Durante semanas, la Coordinadora Nacional de Trabajadores de la Educación (CNTE) convirtió el corazón político del país en su principal campo de batalla. Plantones, bloqueos y movilizaciones marcaron la vida cotidiana del Centro Histórico, afectando a miles de comerciantes, trabajadores y ciudadanos que vieron alterada su rutina por una protesta que, aunque legítima en sus demandas, terminó por aislarse de una parte importante de la sociedad.
Pero el pasado jueves ocurrió algo que difícilmente puede ignorarse. Mientras la CNTE mantenía presencia en las inmediaciones del Zócalo, cientos de miles de personas acudieron a celebrar el inicio de la Copa Mundial de la FIFA 2026 y el debut de la Selección Mexicana. La imagen fue poderosa: una plaza ocupada no por consignas ni barricadas, sino por familias, jóvenes y aficionados que decidieron apropiarse del espacio público para celebrar.
Los comerciantes de la zona lo interpretan de una forma contundente. Sergio Green, uno de los empresarios afectados por meses de movilizaciones, lo resumió con una frase que ha comenzado a resonar entre los locatarios del Centro Histórico: “el pueblo le pasó por encima a la CNTE”.
Más allá de la dureza de la expresión, el mensaje refleja un sentimiento que se ha acumulado en una de las zonas más castigadas económicamente por los bloqueos. Para muchos negocios, el Mundial representó no solo una fiesta deportiva, sino también una bocanada de oxígeno tras semanas de ventas desplomadas.

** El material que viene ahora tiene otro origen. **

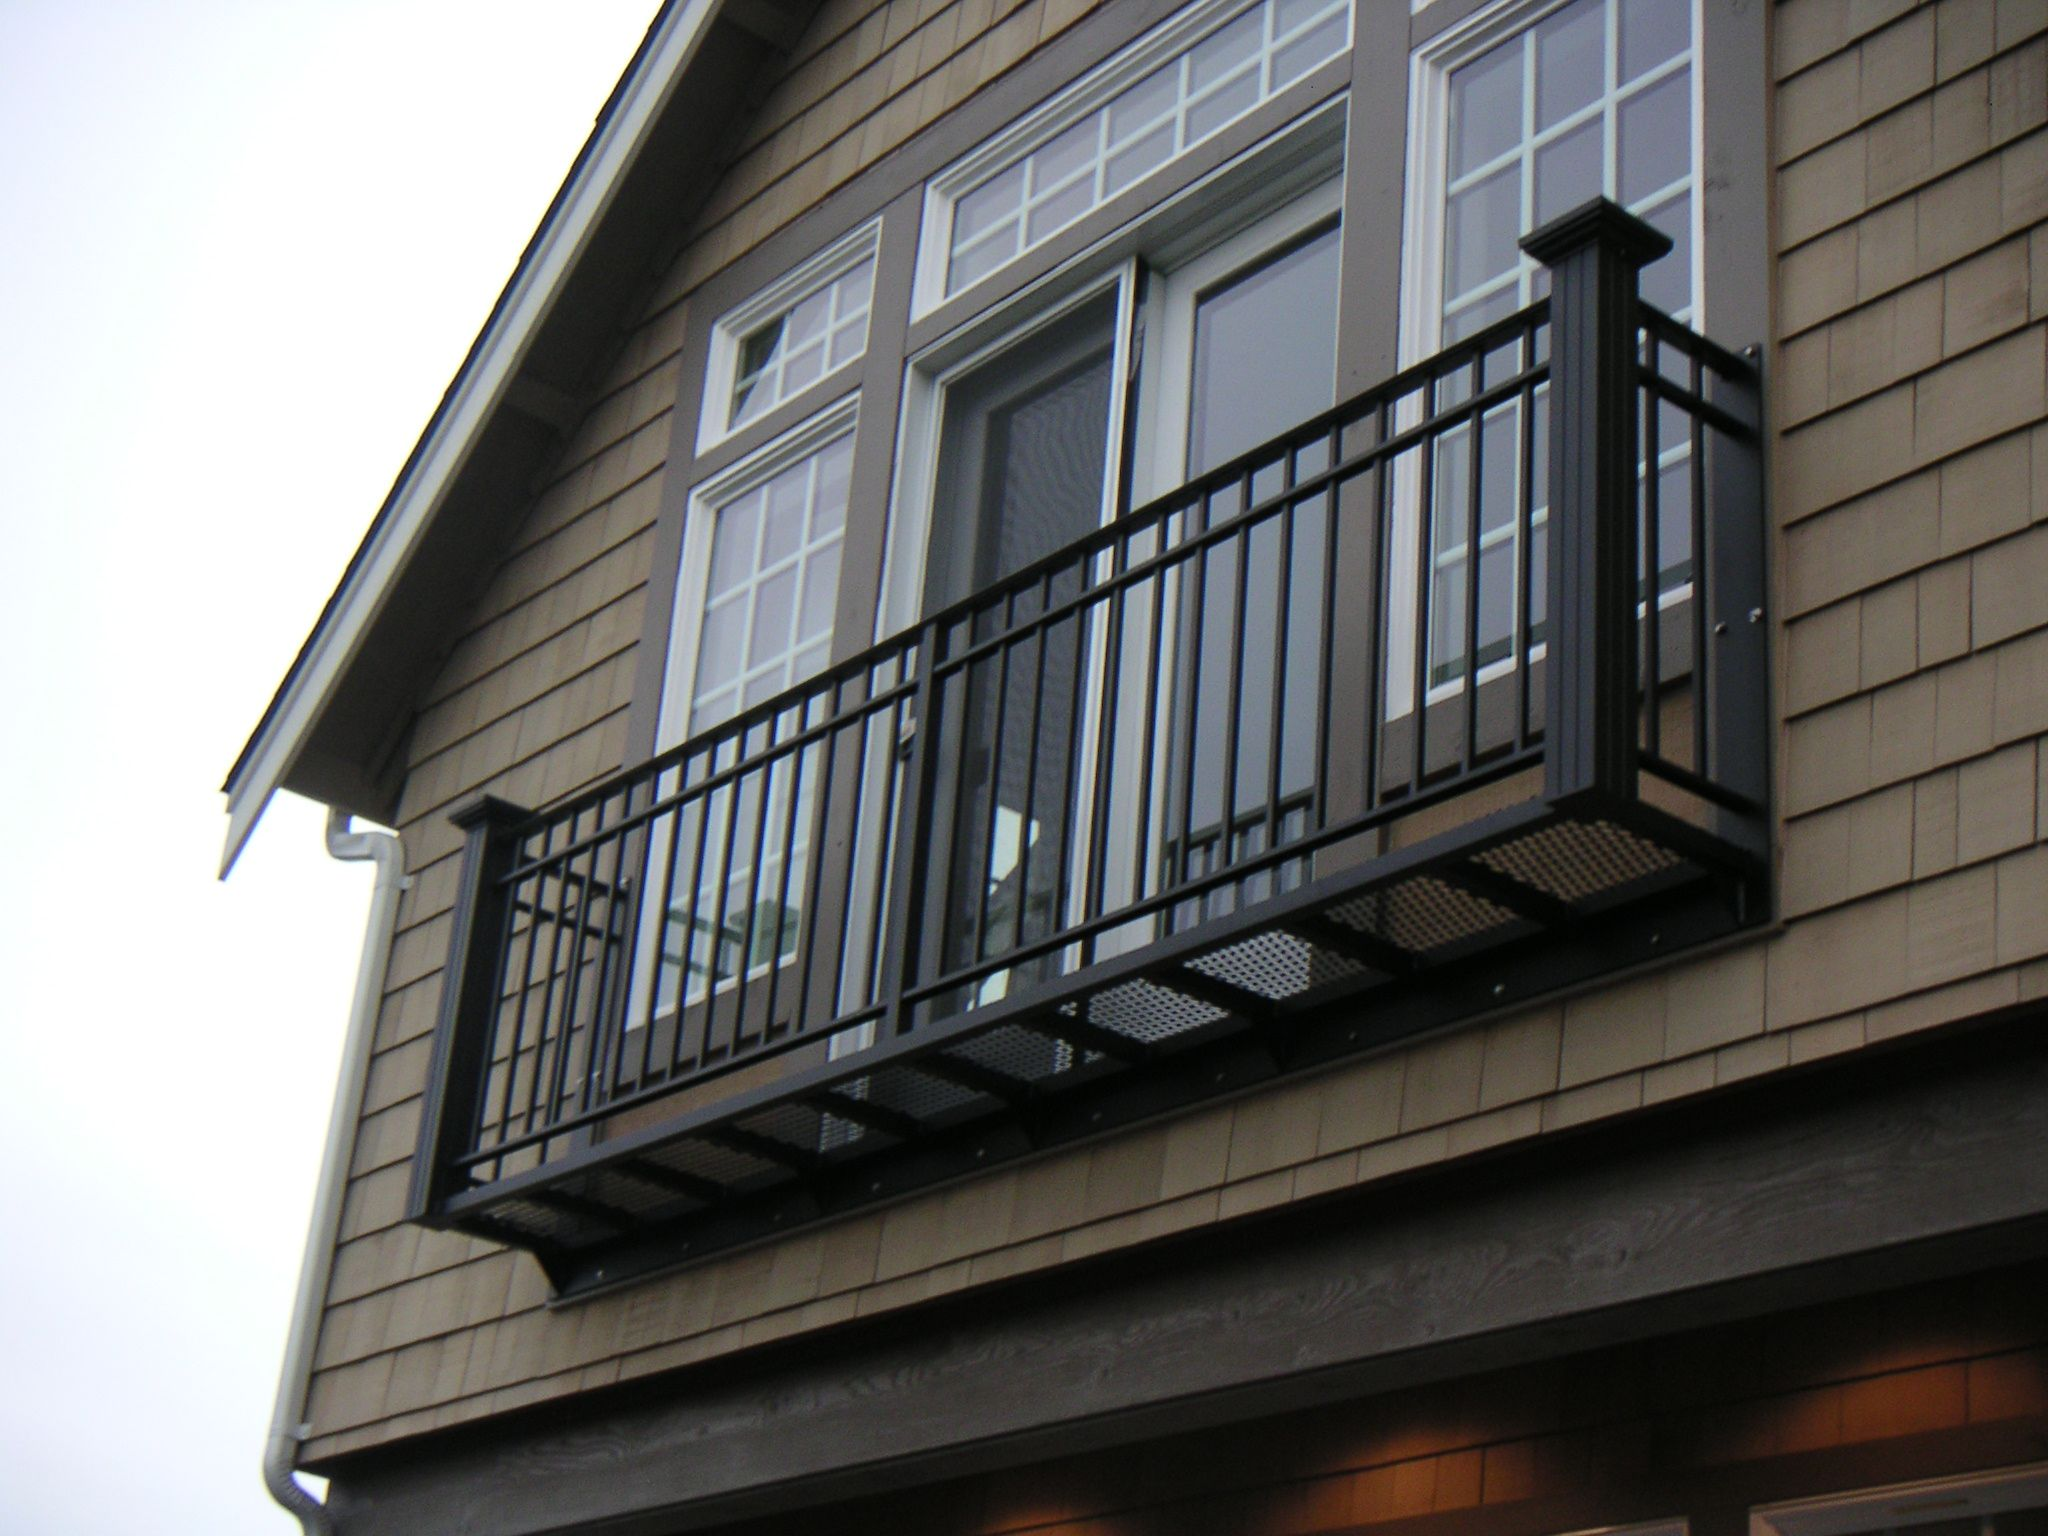 Rail Pro Bolt On Aluminum Balconies Juilette Style

Las cifras ayudan a entender la magnitud del fenómeno. Según datos de la Secretaría de Seguridad Ciudadana, cerca de medio millón de personas participaron en las actividades relacionadas con la inauguración del Mundial en la Ciudad de México. De ellas, unas 300 mil abarrotaron la Plaza de la Constitución para seguir el partido entre México y Sudáfrica, mientras otras 200 mil acudieron a los distintos Fan Fest organizados en las alcaldías de la capital.
Lo significativo no es únicamente el número de asistentes. Lo verdaderamente relevante es el mensaje político y social detrás de esa movilización espontánea. A pesar de los llamados, las amenazas de boicot y la ocupación parcial del espacio público, la ciudadanía respondió ocupando las calles y el Zócalo con una lógica distinta: la de la convivencia, la celebración y el deseo de recuperar la normalidad.
La CNTE conserva capacidad de movilización y continúa siendo un actor relevante en la vida pública mexicana. Sin embargo, el Mundial dejó una lección que ningún movimiento social debería ignorar: cuando una protesta deja de conectar con la ciudadanía y comienza a afectar de manera prolongada a quienes dice representar, corre el riesgo de perder la simpatía popular.
El jueves pasado no desaparecieron los maestros ni sus demandas. Lo que ocurrió fue algo más simbólico: por unas horas, el protagonismo regresó a los ciudadanos que simplemente querían disfrutar de una fiesta colectiva. Y en una plaza históricamente acostumbrada a la confrontación política, la celebración terminó imponiéndose al bloqueo.
Quizá por eso los comerciantes del Centro Histórico no recuerdan ese día únicamente como la inauguración de un Mundial. Lo recuerdan como el día en que el Zócalo volvió a pertenecerle a la gente.